**AIM OF THE EXERCISE:**
What you write must be the listing below in full, word for word, minus its pictures.

**RECORDED INFORMATION:**

# # #

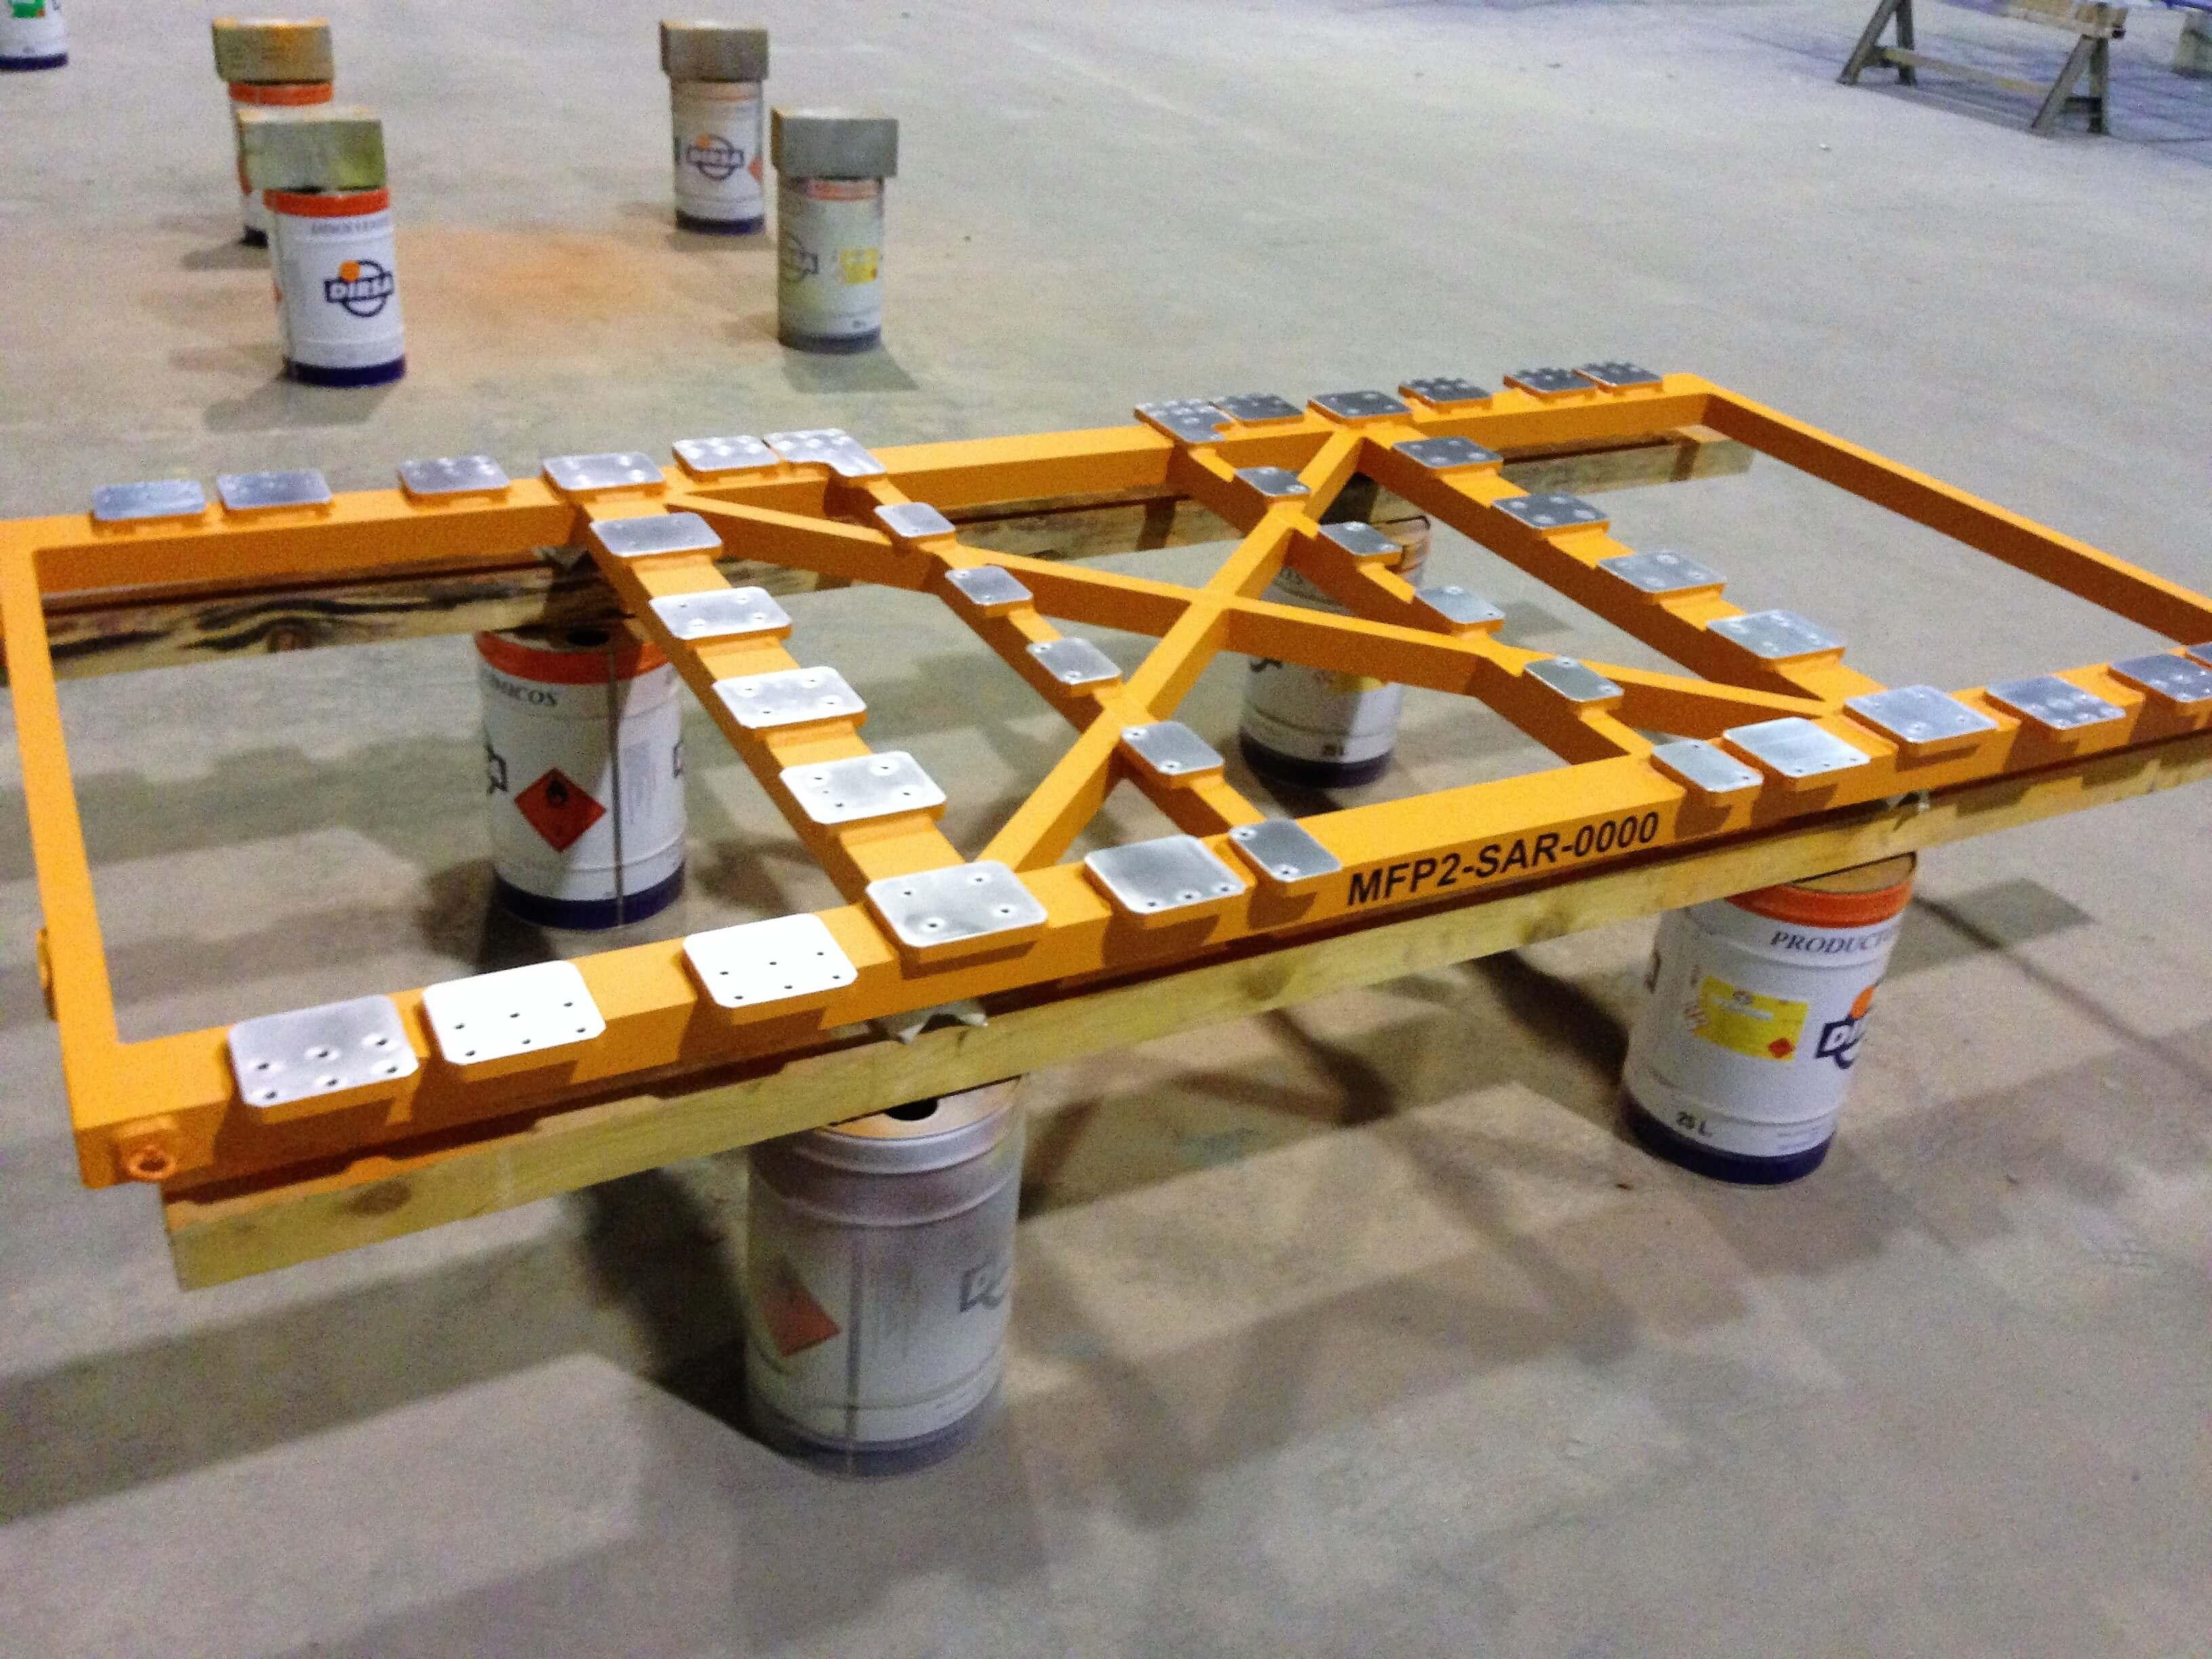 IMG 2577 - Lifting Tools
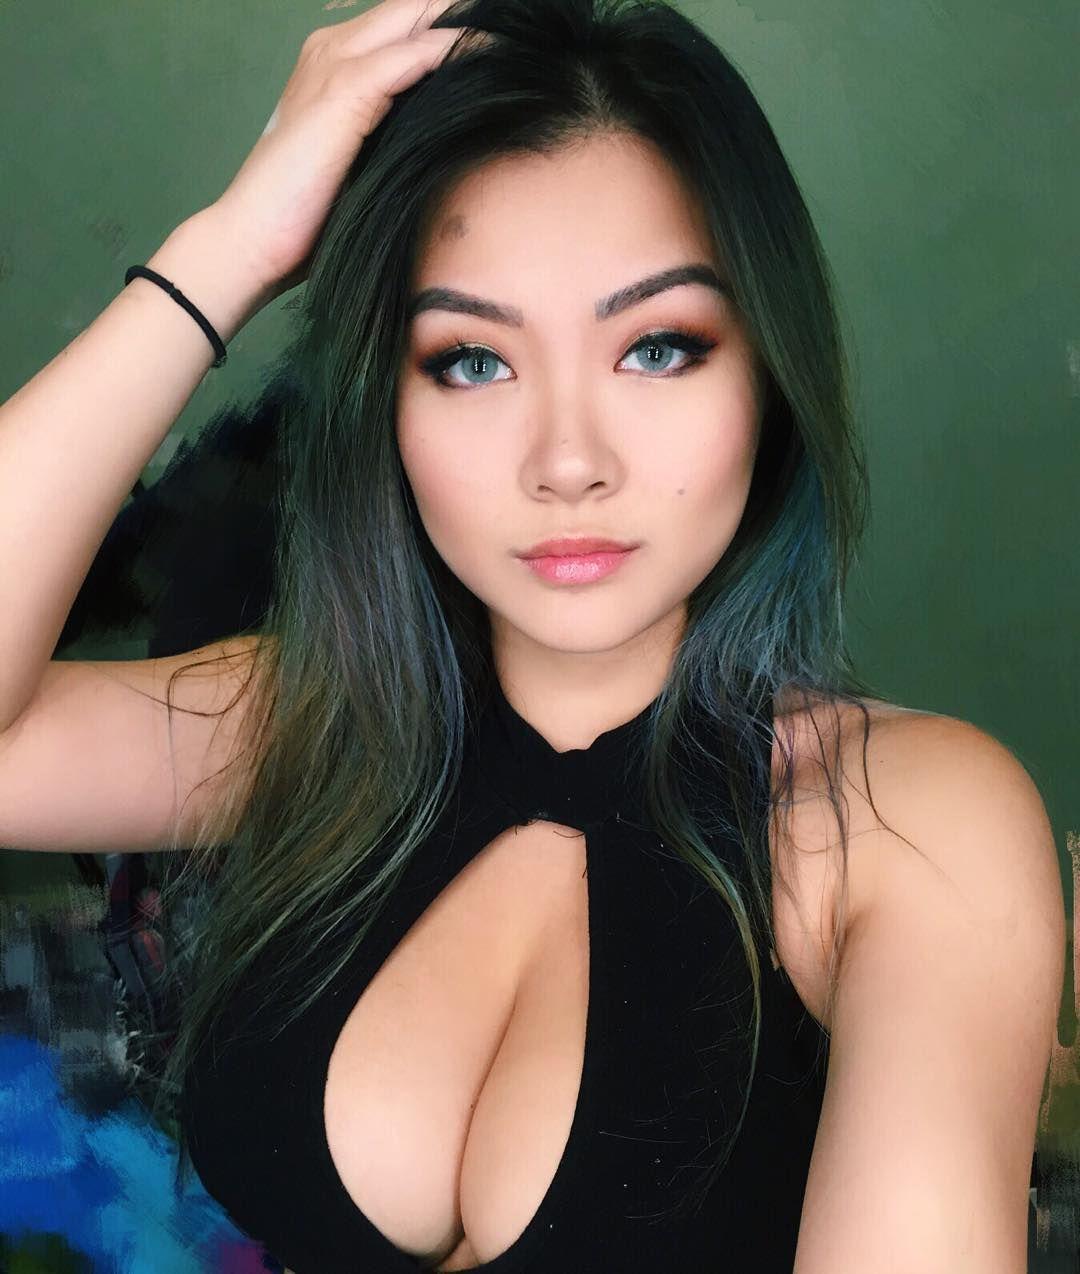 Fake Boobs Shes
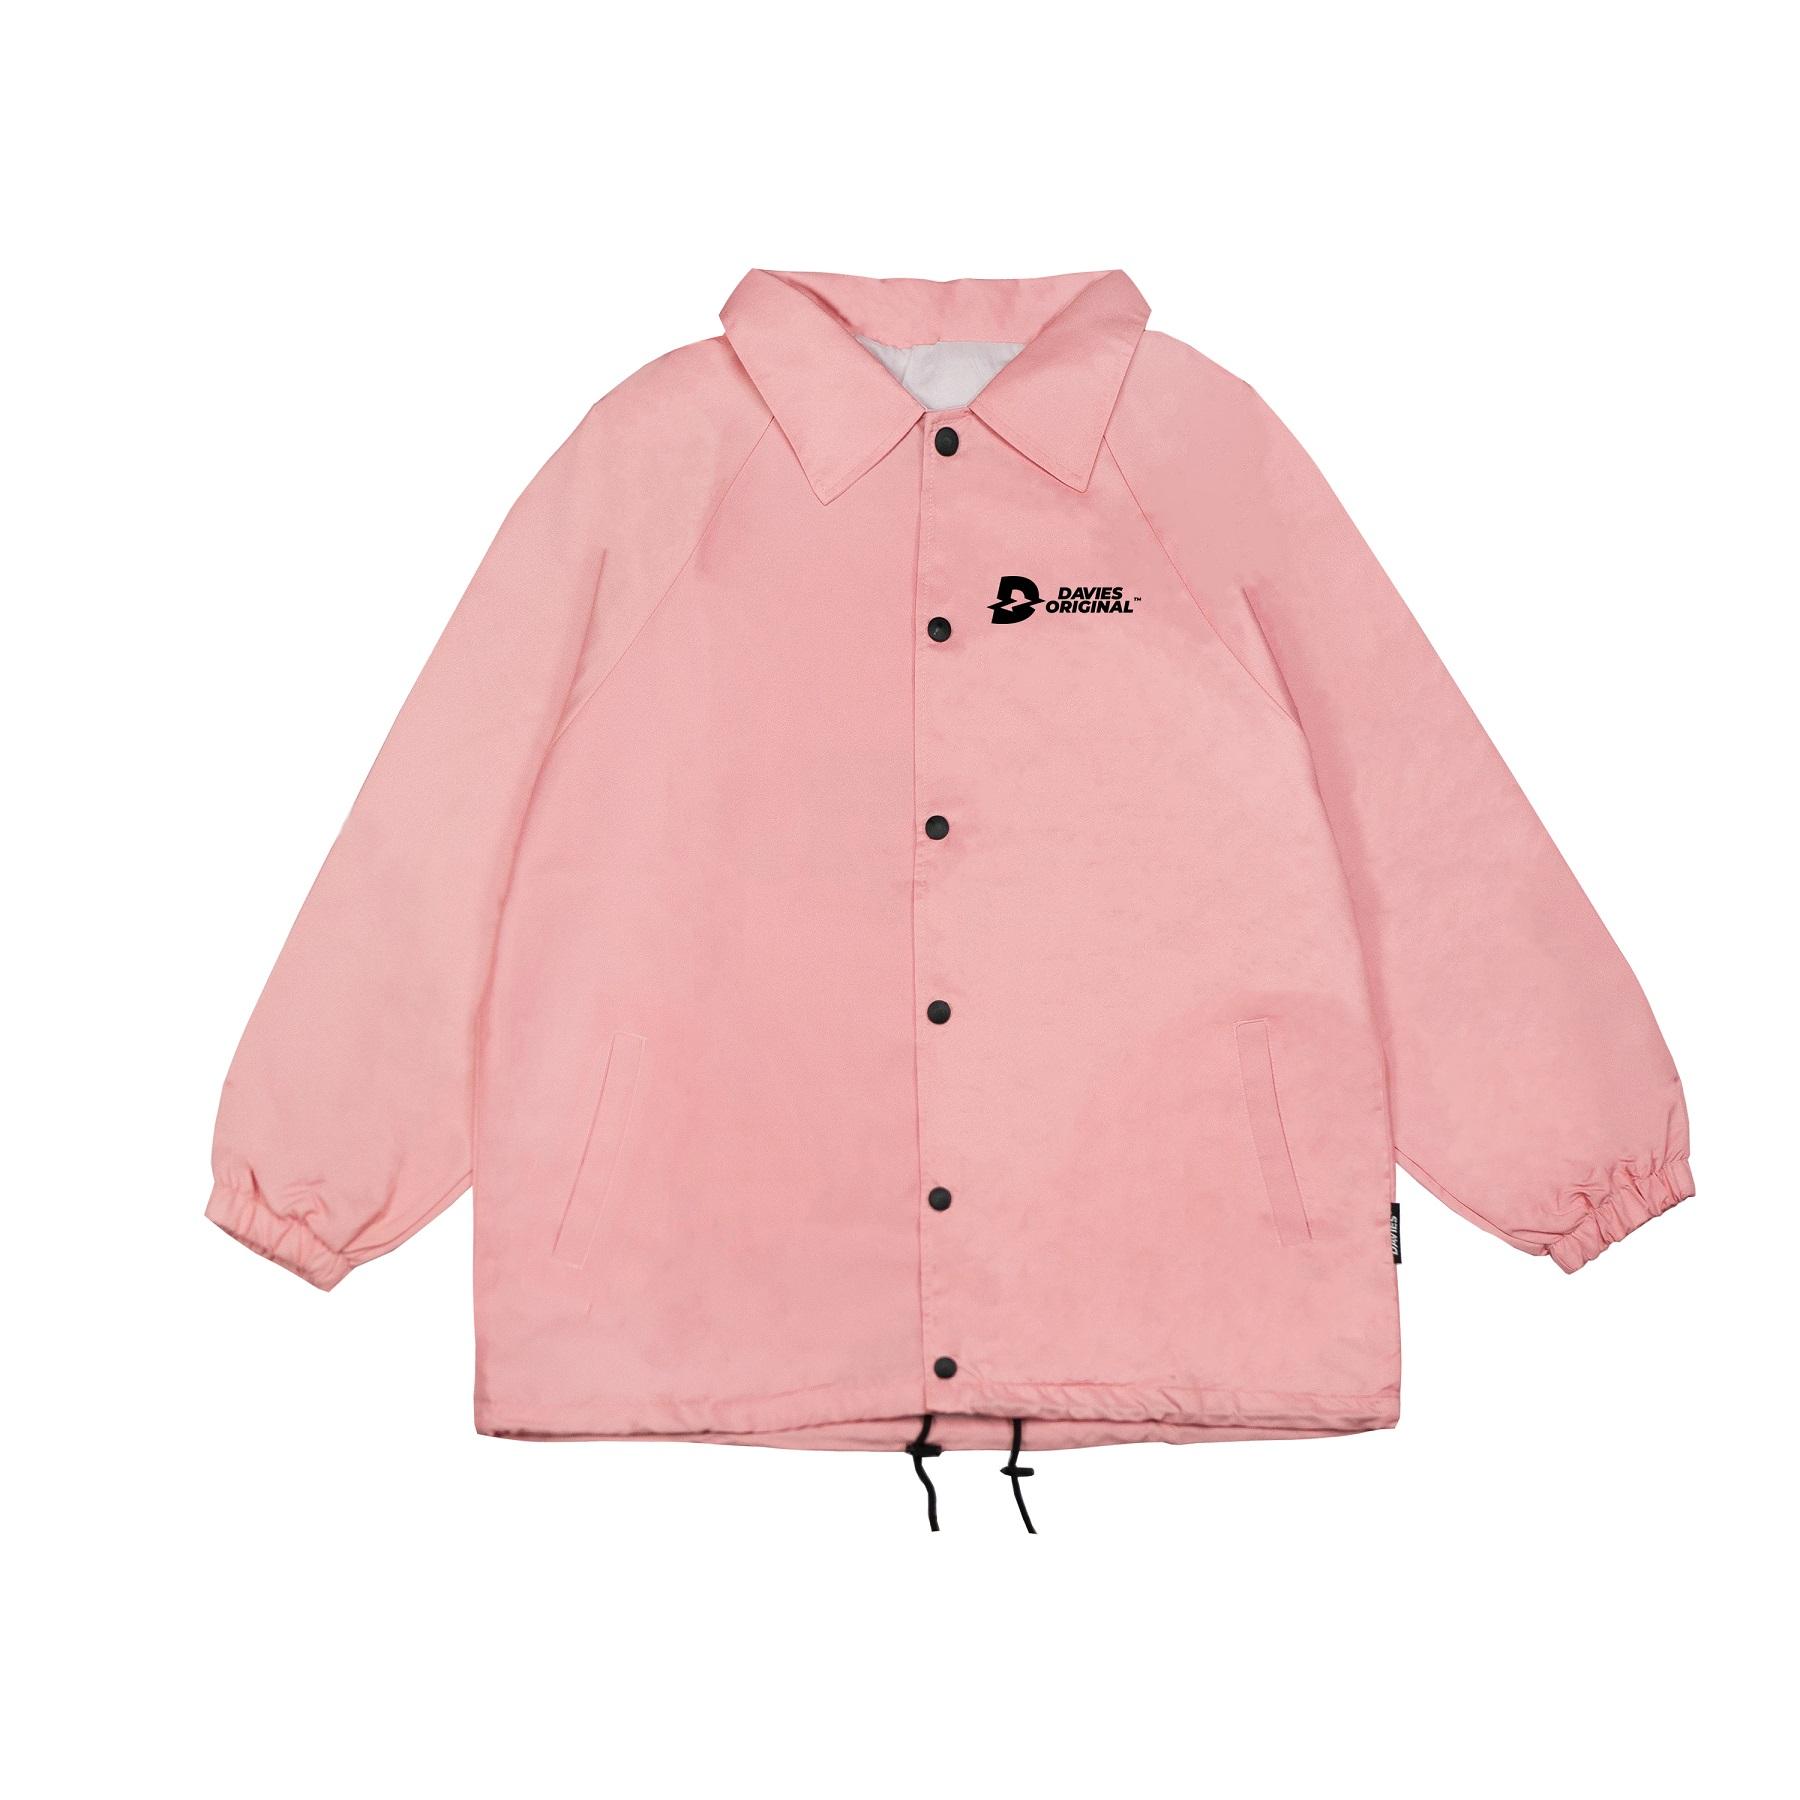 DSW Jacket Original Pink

# # #

**TASK SOLUTION:**
 IMG 2577 - Lifting Tools
 Fake Boobs Shes
 DSW Jacket Original Pink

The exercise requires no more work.